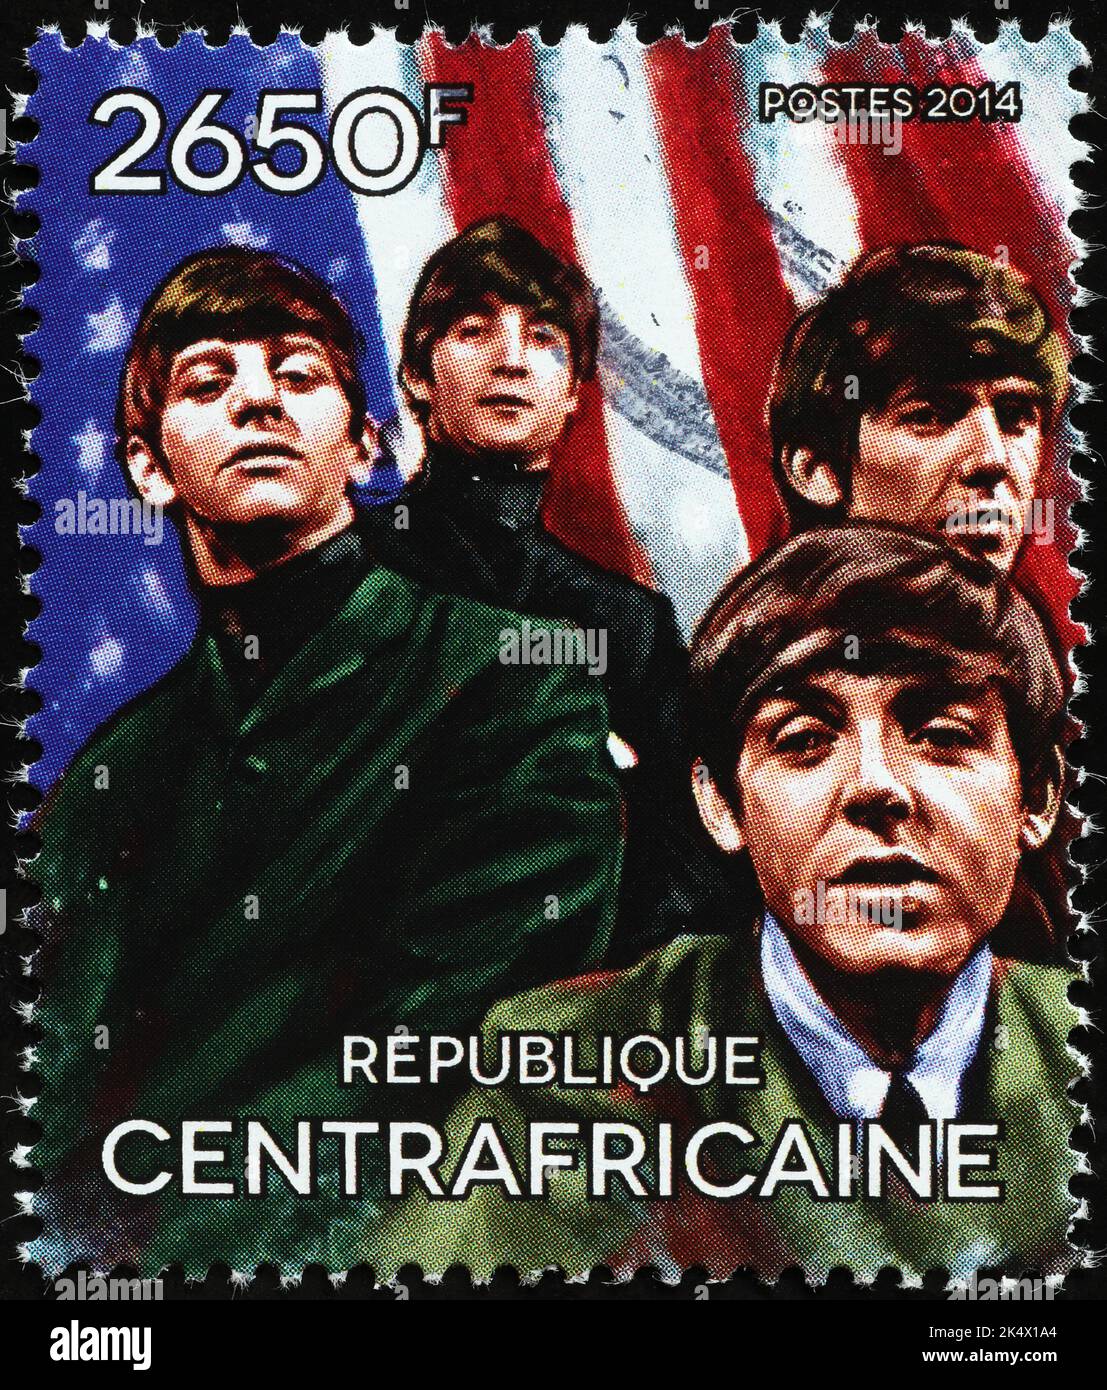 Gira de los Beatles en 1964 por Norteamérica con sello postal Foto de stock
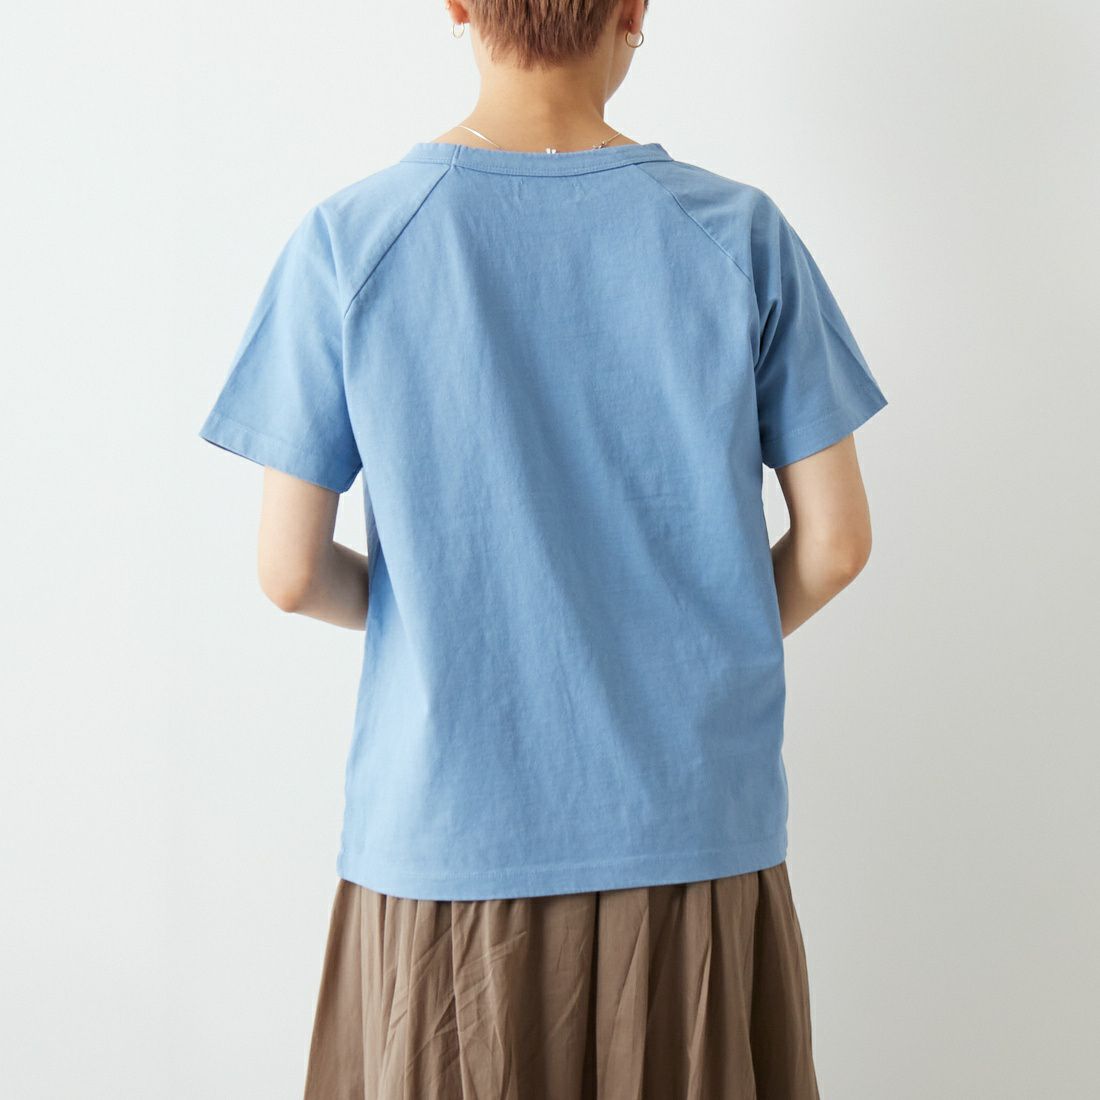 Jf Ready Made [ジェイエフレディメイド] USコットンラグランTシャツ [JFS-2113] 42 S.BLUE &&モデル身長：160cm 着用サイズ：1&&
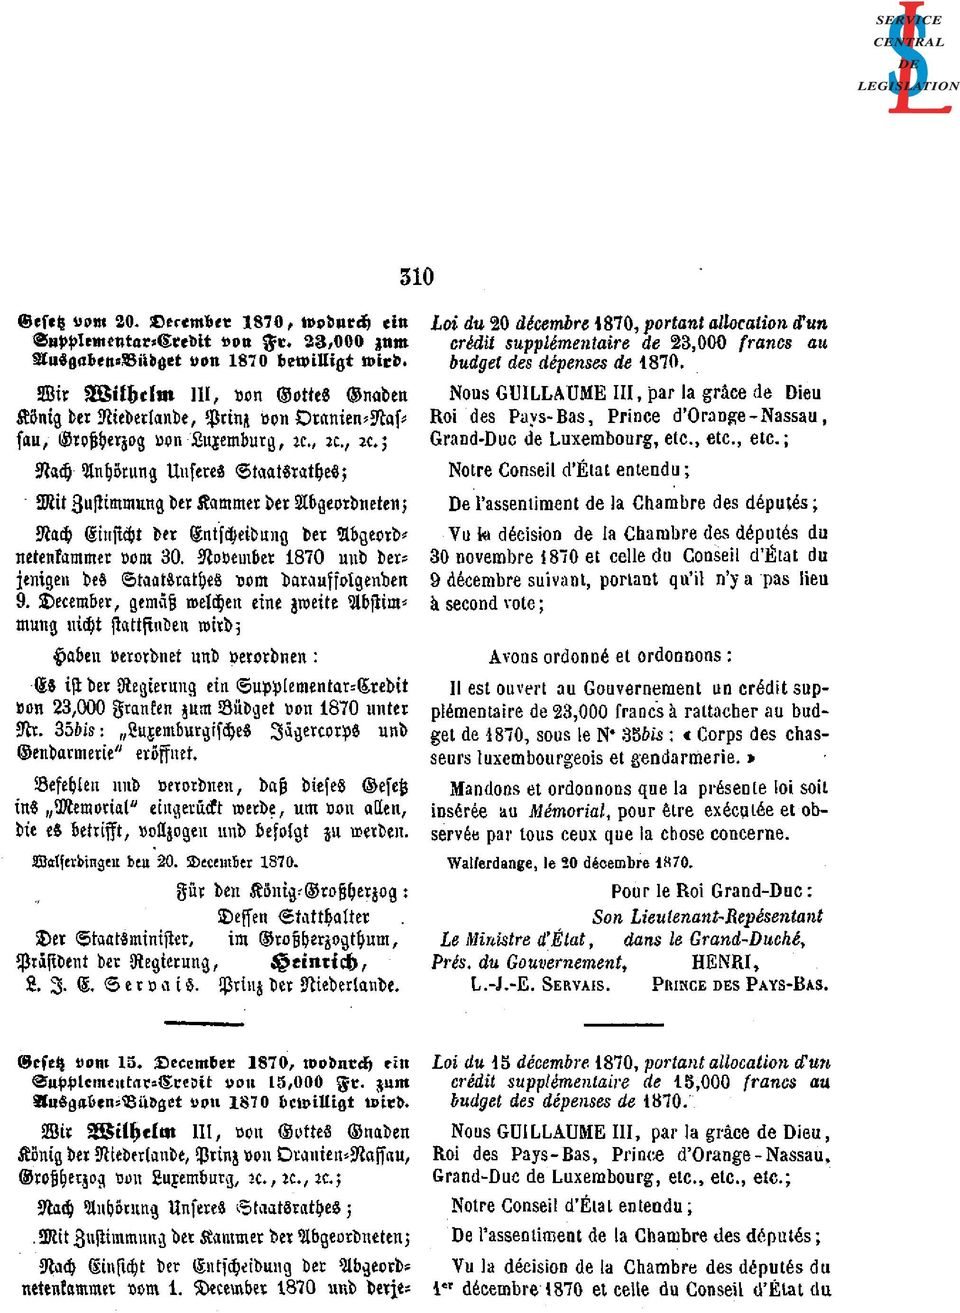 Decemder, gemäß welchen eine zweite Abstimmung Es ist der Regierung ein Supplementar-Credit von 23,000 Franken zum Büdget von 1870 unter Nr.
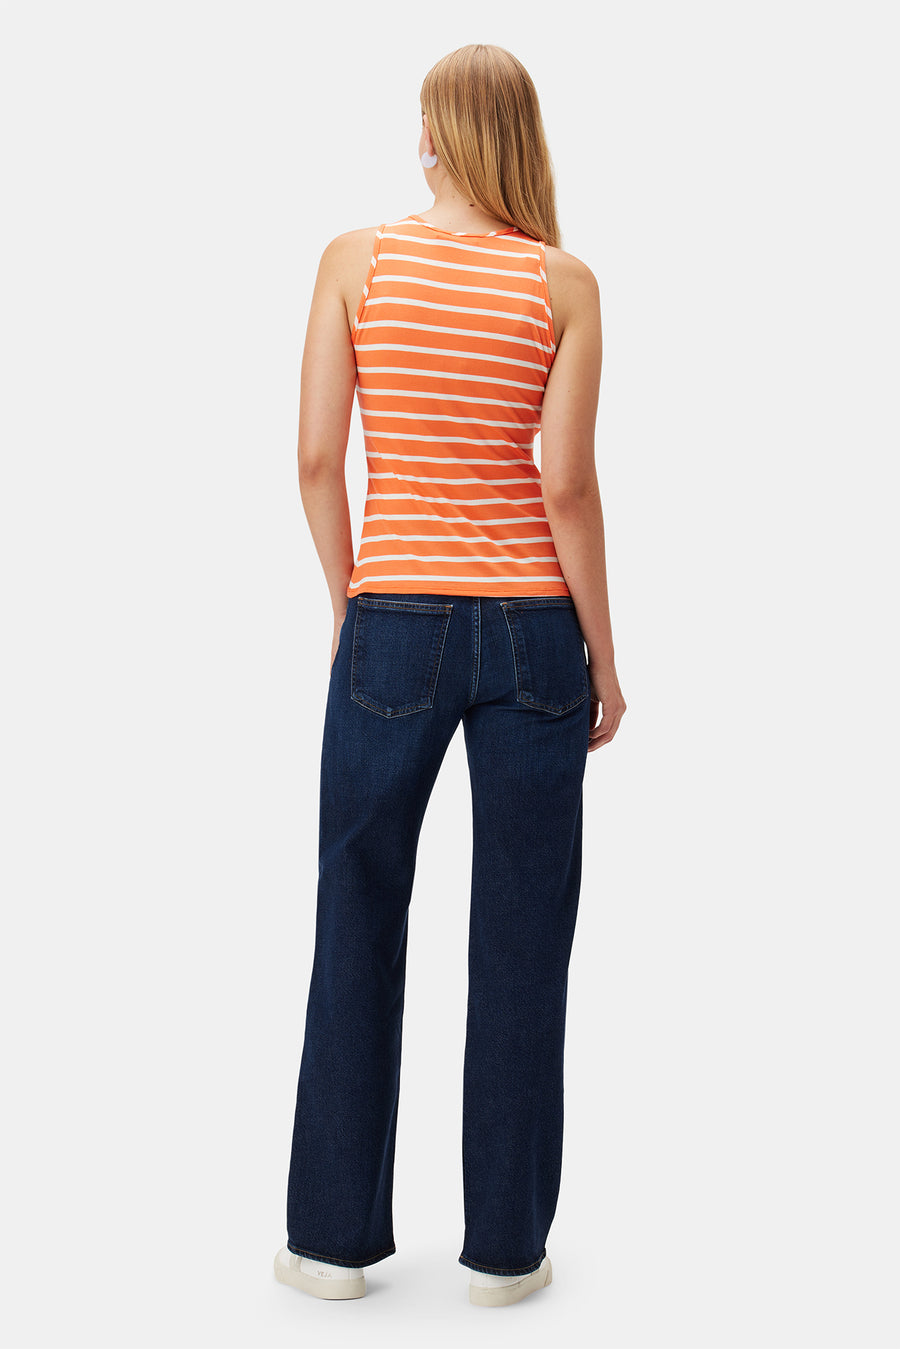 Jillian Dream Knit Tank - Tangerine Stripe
──────────
[YOUR GOAL] Only the pictures are to be dropped; the rest of the material above must be duplicated exactly.

[RESULT BELOW]
 Gira de los Beatles en 1964 por Norteamérica con sello postal Foto de stock
 Jf Ready Made [ジェイエフレディメイド] USコットンラグランTシャツ [JFS-2113] 42 S.BLUE &&モデル身長：160cm 着用サイズ：1&&
 Decemder, gemäß welchen eine zweite Abstimmung Es ist der Regierung ein Supplementar-Credit von 23,000 Franken zum Büdget von 1870 unter Nr.
 Jillian Dream Knit Tank - Tangerine Stripe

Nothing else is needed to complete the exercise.